After being dropped off in Ra’anana Bus Station, despite asking multiple times for the train station instead, I took the 947 bus to Jerusalem. An old crooked back woman in rags made me extremely nervous, as she kept offloading her things on other passengers. Despite my awareness of the statistical safety of Israel, it surprised me how deeply I’d been emotionally primed to the threat of terrorism. Half the people boarding the bus were young Israeli soldiers with automatic weapons casually slung over their shoulders, however, and as they seemed completely unconcerned, just annoyed by this woman, I boarded.

There are guns everywhere in Israel and especially in Jerusalem. Young plain-clothes Israelis with uzis walking through the crowds in the Old City with their trigger finger straight across the trigger mount in a ready-yet-safe position, blue and gray uniformed police with semi-automatic rifles at every semi-major intersection, olive green uniformed soldiers with automatics slung over one shoulder and a shopping bag across the other, and faded green professional soldiers in full black body armor with multiple automatic weapons walking in pairs with shoulders back. They made me feel a strange mix of watched, nervous, and safe.

After finally finding a way into extraordinary hotel (in a stone house steps away from Al-Aqsa – but an entrance only for Muslims), I went for Falafel with one of the other two guests, a Turk by the name of Furkan. My time with him at the restaurant, on the walk over to the Mount of Olives and the hours watching the sunset over the city there exemplified one of the themes of my summer: nationalism. I listened, mostly, as he spoke at length about the struggles of the Turkish nation against the Chinese, against Israel, against Russia, and against Europe. He understood the history of coups in Turkey as the product of Roosevelt Foundation funded private armies against the will of the people and in the interests of Israel. He was in Israel to study Hebrew as Russian major. He related the following story:

A Turkish general was faced with a Chinese army ten times its size. One of his officers noticed that the general looked sad and asked him why. The general responded, “Where will we bury all the Chinese?” They won the battle.

This relentless nationalistic interpretation reminded me of the worrying ideology of Manas in Kyrgyzstan and the nation building efforts across the world in general. I want to learn more and find an alternative, but I can’t think of anything with as much seductive power. Sometimes I wonder if I should study nationalism formally.

I stayed for nearly three hours simply watching Jerusalem from the Mount of Olives while the tourists came and went, most staying no longer than ten minutes. The next day, I entered at the earliest possible time for non-muslims, deciding not to call myself a muslim to try and gain access to the interior, and stayed until closing – the last non-muslim to leave. I sat by a gaggle of ten fully armed and body-armored Israeli police near the entrance to draw, and their initially hostile expressions softened as they watched me, telling me “professional” by the time I stood up. My drawing, like my busking years ago, gives me access to a different side to people.

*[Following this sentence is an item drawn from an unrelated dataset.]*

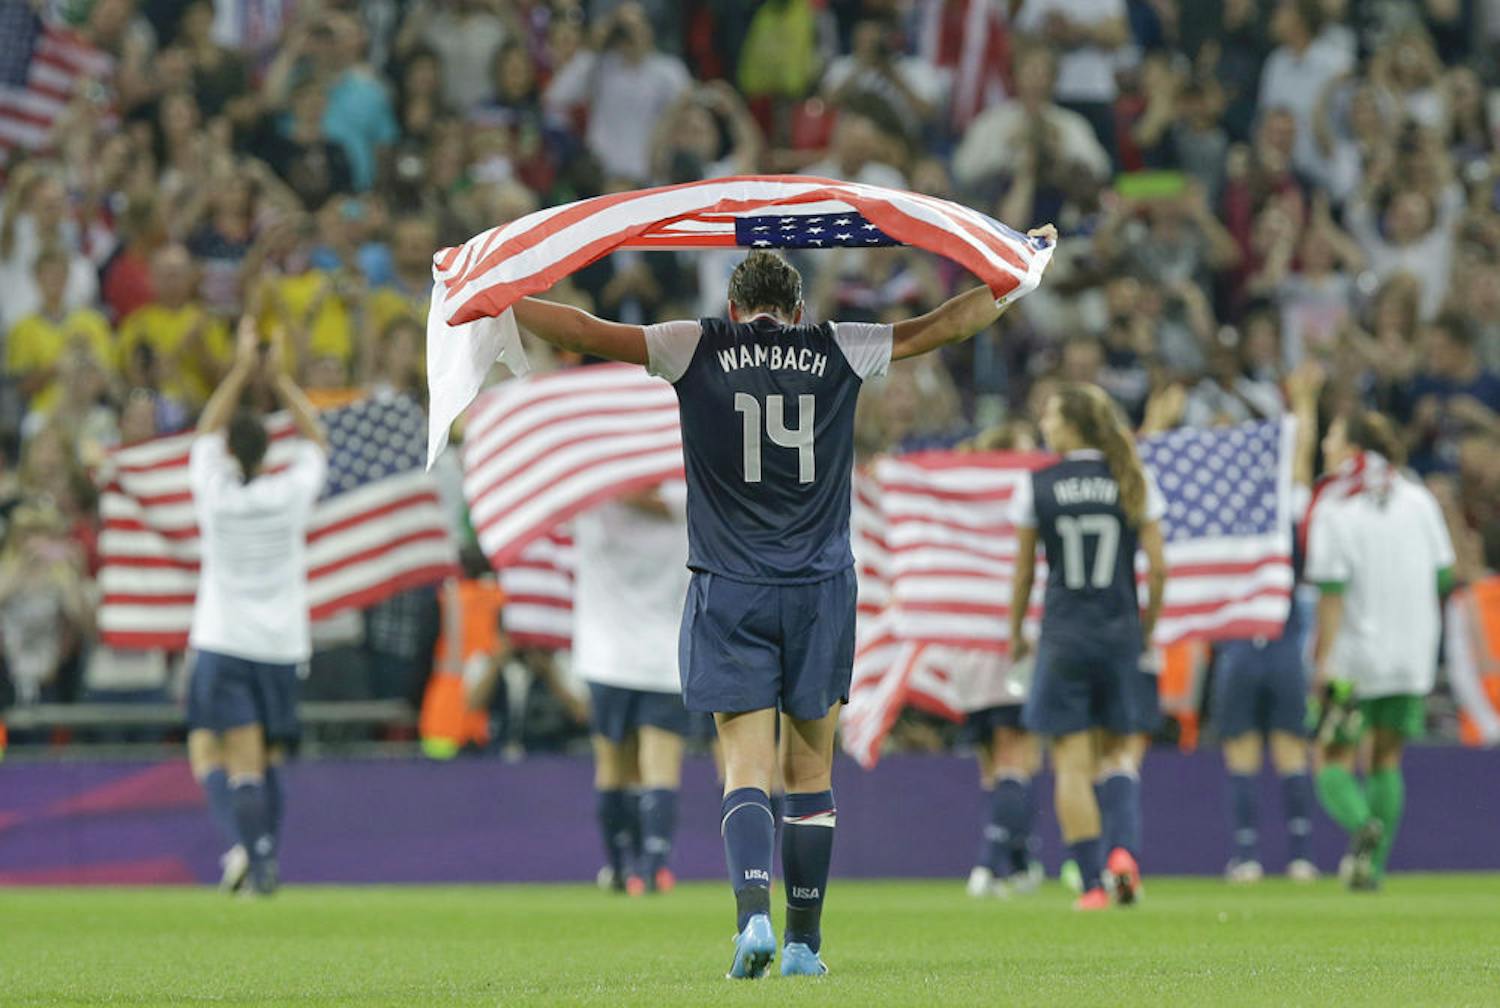 Abby Wambach, draped in an American flag, celebrates with teammates after winning the women's soccer gold medal match against Japan at the 2012 Summer Olympics.

After wandering the Old City and the Church of the Holy Sepulchre, I rested in the afternoon before a very fancy dinner with a Taiwanese woman I’d met crossing the border from Jordan. We ate in the Jaffa Gate district – what a marked contrast from the Old City. Where the Old City was grimy, with dirt caked into every surface, New Jerusalem was shiny and clean and modern. Coming from Qalqilya, I couldn’t really enjoy it, even though I’d requested a clean restaurant specifically. The Israelis happily singing in their beautiful park around a public concrete piano with water fountains and public sculptures was superimposed with an after-image of the wall for me.